Discussants from Northern Ireland, South Africa, the US, Bangladesh, Pakistan, Nepal, Sri Lanka, and around India will participate in the three-day symposium “Dialogic Explorations: Texts and Contexts”, at Hotel Ashok here.
Women in Security, Conflict Management and Peace (WISCOMP) – an initiative of the Foundation for Universal Responsibility – is organizing the symposium.
“The symposium will engage with the spaces for dialogue in the context of ethnic political conflict, and more especially as an approach to augment practices of coexistence in multicultural societies,” said a WISCOMP press statement.
“There will also be an attempt to examine why and to what extent dialogue is increasingly being replaced in the public and civic space by stridency, discord and sectarianism. With conventional practices of consensus building increasingly under strain, the limits and possibilities of dialogue as a philosophy, methodology, process, strategy, and/or tool will be explored.”

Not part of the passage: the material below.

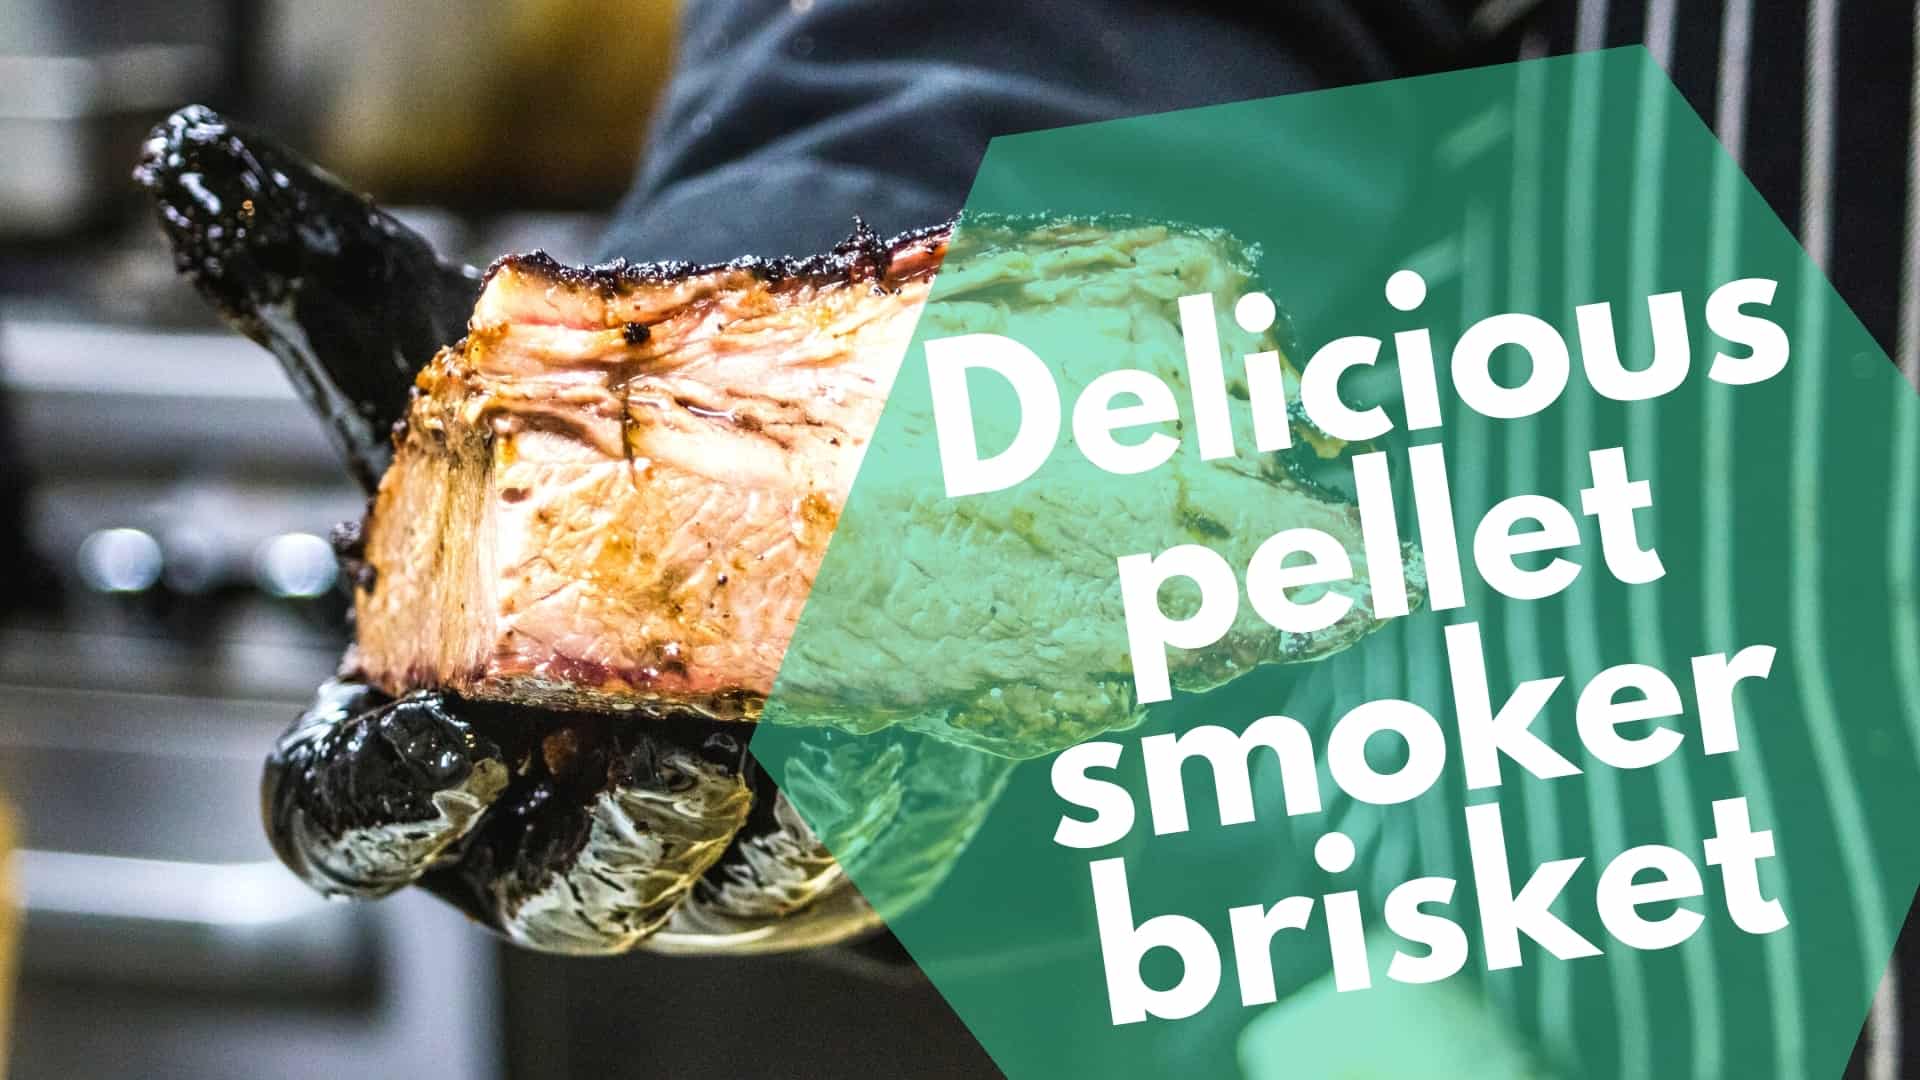 Pellet smoker brisket | Great recipe & cooking tips

The symposium will focus on the lessons to be learnt from successful or thwarted dialogue processes from across the world, said the statement.
Special performances conceptualised around the theme of dialogue are among the main highlights of the event.
The first is a performance by Hector Aristizabal, a US based Colombian who bases his one-man show “Nightwind” on a true story of personal imprisonment and torture.
The solo performance will use image theatre and dynamic meditation to reach out to the audience, according to the statement.
“This will be followed by another presentation, by puppeteer Anurupa Roy who will use the medium of puppetry to explore notions of dialogue as powerful conversations that can change the way we feel, live and act.
“The focus will be on interactive communication and the interplay of words and silences to open new spaces for dialogue.”
Among many others, the programme presenters include Chairman and President of the International Institute of Sustained Dialogue and Director of International Affairs at the Kettering Foundation, Harold Saunders, Professor and Director of Conflict and Coexistence Program at Brandeis University in Boston Mari Fitzduff and Vasu Gounden, an experienced
mediator, trainer, and researcher in the field of conflict resolution.